Up the River to Mrauk U


Stupas on hilltops during golden hour

After Inle Lake, we headed west to Mrauk U, located in the tumultuous Rakhine State.  Mrauk U is pronounced 'mraw oo' in the Myanmar language, or 'meow oo' in Rakhine language.  It is the site of a former Rakhine kingdom, and probably the most remote location we visited in Myanmar.  According to one reference, the kingdom of Mrauk U was once known as the "Venice of the East", due to the network of moats surrounding the palace.  Nowadays what remains are the city and palace walls, temples, and stupas.  The palace itself was ruined many years ago.  
Travelling up the Kaladan River
There are 2 different ways to access Mrauk U, by flight then boat, or by 30hr bus ride.  We opted for the more comfortable flight and boat ride.  Knowing the state of Myanmar roads (especially in Mrauk U), we definitely made the right decision.  To get to Mrauk U we took the bus from Inle Lake to Yangon, flew to Sittwe, and took a boat up the Kaladan river to our destination.  The situation in Rakhine state is probably the most unstable of all the areas we went to.  In fact, as recently as September there was a curfew in Sittwe due to violence between the Buddhist majority and the Muslim minority.  In a nutshell, the government does not recognise the Muslim minority as citizens of Myanmar, and much violence and unrest has occurred.  When we were there we definitely noticed a higher level of military/policing.  The local mosque was surrounded by barbed wire and there were armed guards blocking the access road.  On other roads there were armed guards manning checkpoints, limiting where us foreigners could go.  Mrauk U was much quieter.  There were few signs of unrest, and the police presence that was found in Sittwe was not present in Mrauk U.  

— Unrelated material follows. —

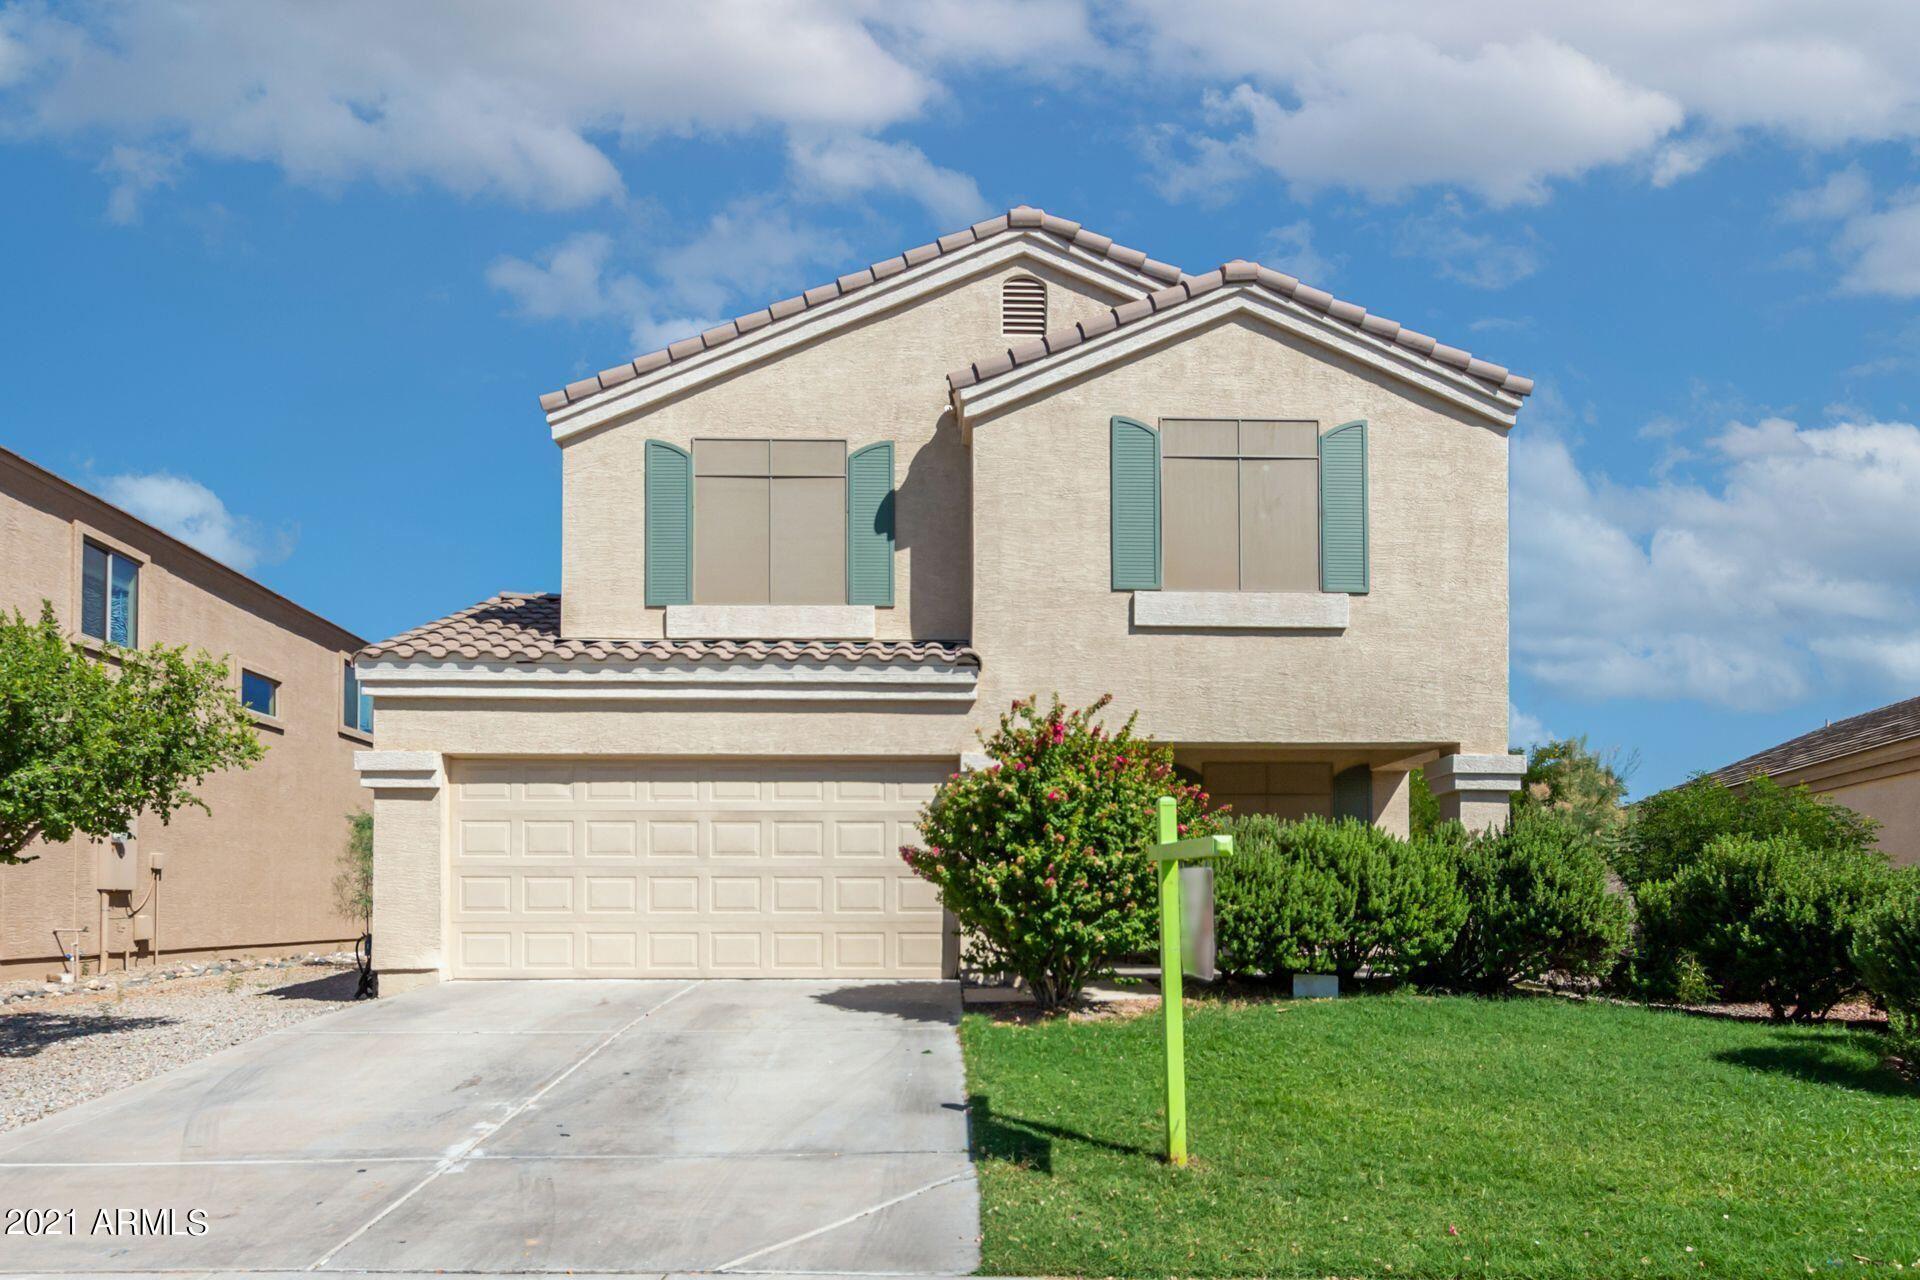 10612 W SONORA Street, Tolleson, AZ 85353 - MLS#: 6298285

The lightning storm lasted for hours!
K and I arrived in Sittwe in the afternoon.  All of the public boats depart Sittwe for Mrauk U in the morning.  There was the option of chartering a private boat, but as it was much more expensive we vetoed that idea.  So, our original plan was to spend the night in Sittwe and catch a boat in the morning for the 5-6 hour journey upstream.  However, when we arrived at the tiny Sittwe airport, we spotted two tourists and decided to inquire about their plans.  As it turned out, they were expats living in Myanmar, and were on a weekend trip with two local residents.  They had pre-arranged a private boat and were happy to have us join in.  
Stormy sunset
The boat was wooden and powered by a two-stroke diesel engine, that at one point decided to fail.  It did not appear to be very seaworthy, but thankfully the river was calm.  Apparently in the past one of these boats capsized, killing some Italian tourists.  The Kaladan river is extremely wide at it’s mouth.  Much wider than the Fraser or Columbia.  At first, the boat ride was exciting – it was pleasant to be on the water with the cool breeze.  Later, as day turned to night, we had a spectacular lightning show.  However, after the sun set the journey seemed to lag on and on.  We eventually arrived in Mrauk U well after dark.  With no map or real directions (the Lonely Planet is quite sparse for Mrauk U), we opted to take a trishaw to our accommodation for the night.